Nüyou
- Cover of Malaysia edition dated February 2020 featuring Hannah Quinlivan
- Categories: Fashion magazine
- Frequency: Monthly
- Publisher: SPH Magazines
- Founded: 1976
- Country: Singapore
- Language: English; Chinese;
- Website: nuyou.com.sg
- ISSN: 0219-8150

= Nüyou =

Bilingual fashion and beauty magazine in Singapore

Nüyou (女友 (Female Friend)) is a bilingual (English and Chinese) monthly fashion and beauty magazine targeting women. The magazine is based in Singapore.

==History and profile==
Nüyou was started in 1976. The magazine is part of SPH Magazines and is published on a monthly basis. It covers articles about fashion, beauty tips and celebrities and targets women between the ages of 25 and 30 years-old. The magazine is published in English and Chinese languages.

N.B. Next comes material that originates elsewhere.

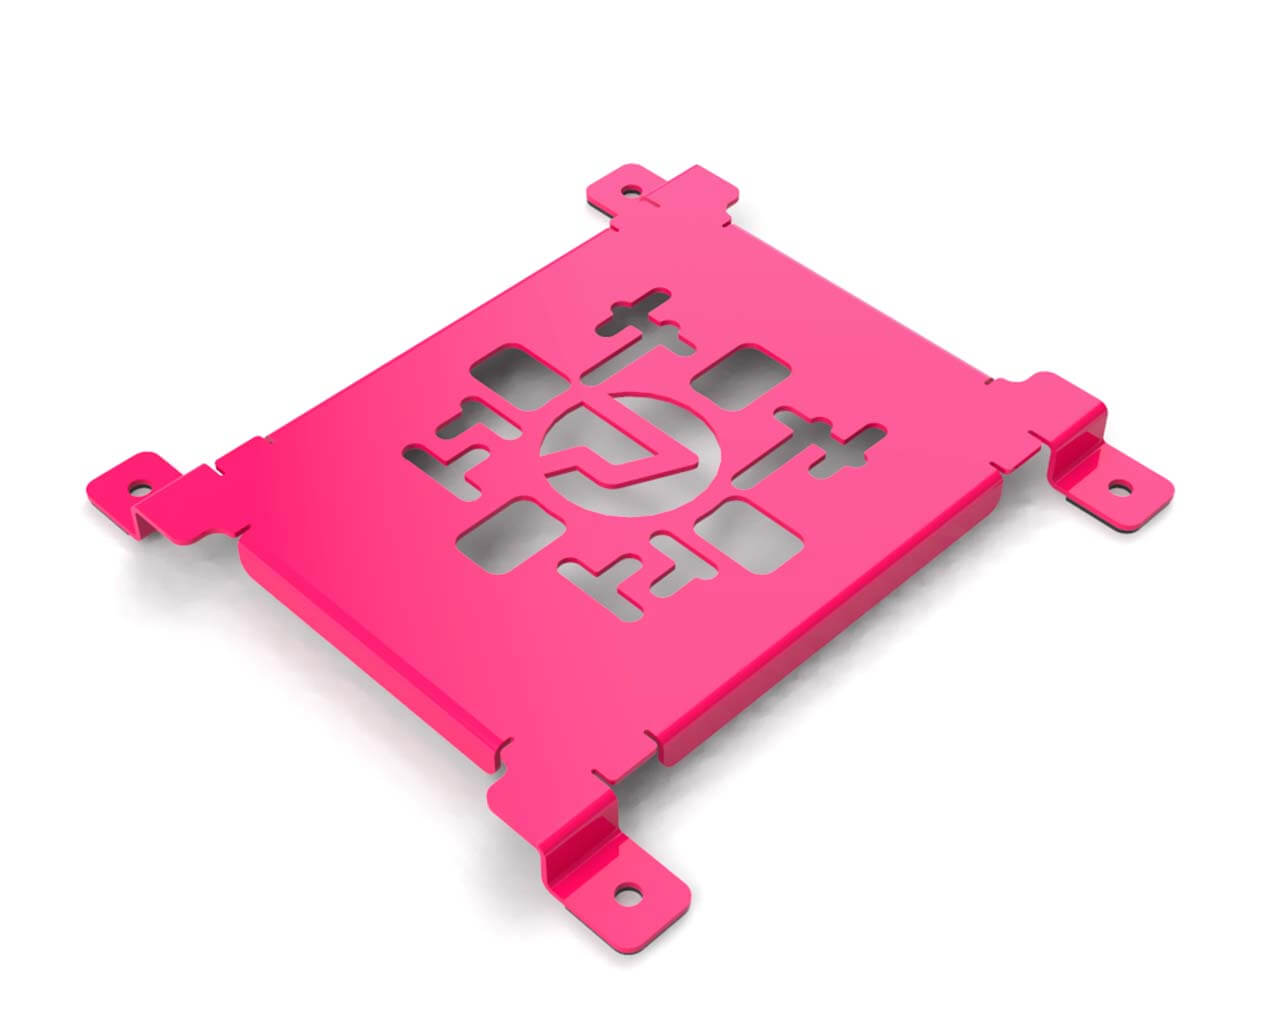 PrimoChill SX Spider Mount Bracket - 140mm Series - PrimoChill - KEEPING IT COOL UV Pink

In April 2013 Terence Lee became the editor-in-chief of Nüyou. He replaced Grace Lee in the aforementioned post.

In 2009 Nüyou was redesigned. The magazine had a Malaysian edition which was belong to Blu Inc Media Sdn Bhd. The company ceased operations since the Malaysian movement control order due to the COVID-19 pandemic which interfered with distribution of the magazine.